Scope your enablement before expanding it. The organization-level toggle is convenient, but enabling Code Quality org-wide without the committer audit is how teams generate surprise invoices. Start with your highest-priority repositories — production services, customer-facing APIs, critical infrastructure — and expand once you understand the per-repo committer profile and what Code Quality actually finds in your codebase.
Set quality gate thresholds before enforcement goes live. Introducing a gate that blocks PR merges after the team is already used to Code Quality running silently is harder than introducing it proactively. Configure your thresholds now while still in preview mode, so developers can see what would be blocked. Adjust before July 20, so enforcement starts with buy-in rather than surprise. This also applies if you are already using Copilot for code review — Code Quality adds a parallel review layer, and the two have overlapping AI capabilities that may generate redundant findings.

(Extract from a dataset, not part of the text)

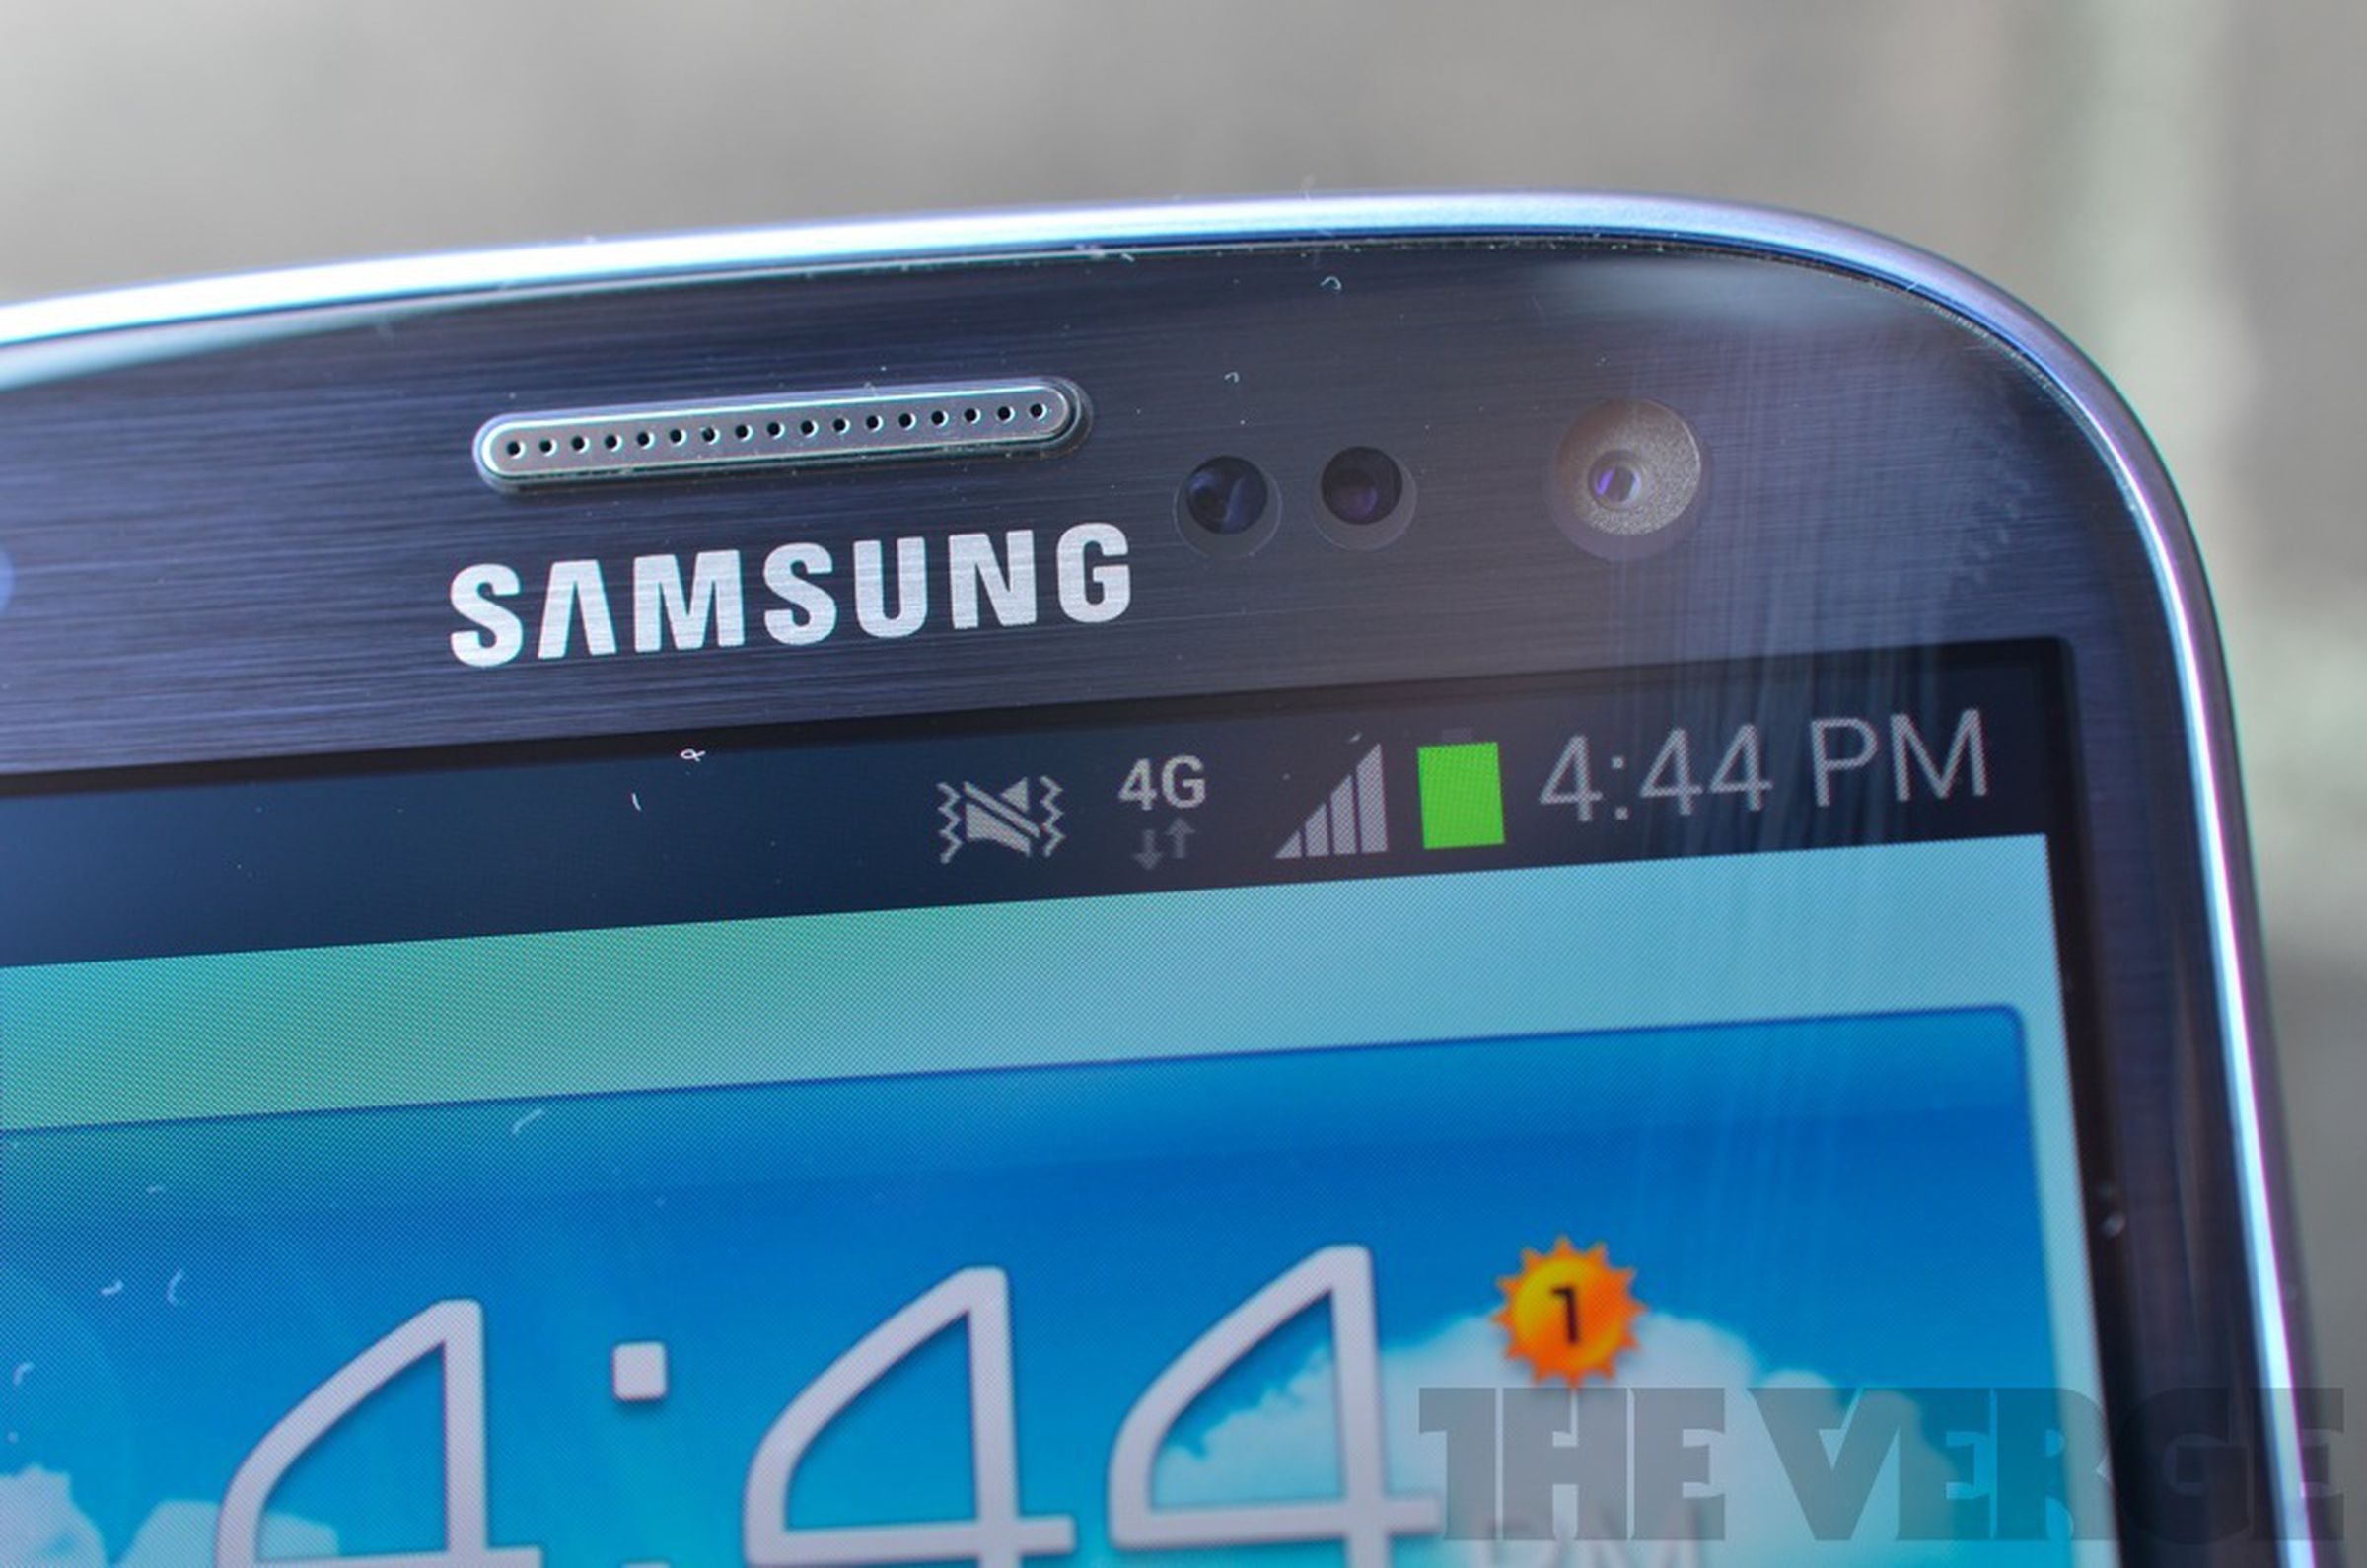 Samsung Galaxy S III for T-Mobile hands-on pictures

Is $10/Committer Worth It?
For a 10-person team: roughly $100 a month before AI usage and Actions minutes. For a 50-person team: $500 a month. The closest independent alternative is SonarCloud, which is free for open-source projects and runs $75–150 a month for small private teams at similar scale.
GitHub’s advantage is integration depth. Findings live in the PR review. Fixes apply with one click in the same UI the team already uses. The ruleset system is the same one enforcing branch protection and required reviewers. There is no third-party dashboard, no separate login, no context switch. For teams already inside the GitHub ecosystem, that integration has real value — but only for the six supported languages. If your primary codebase is Rust, Kotlin, or Go with heavy use of language-specific patterns CodeQL does not model well, the value proposition weakens.
The unpredictable AI cost component is the real risk. Enable Code Quality on critical repositories first. Run it for a month and observe the credit consumption before expanding. At $10/committer plus variable AI costs, this product can be a genuine improvement to your PR review quality — or it can add cost without adding signal, depending on how disciplined your team is about acting on the findings.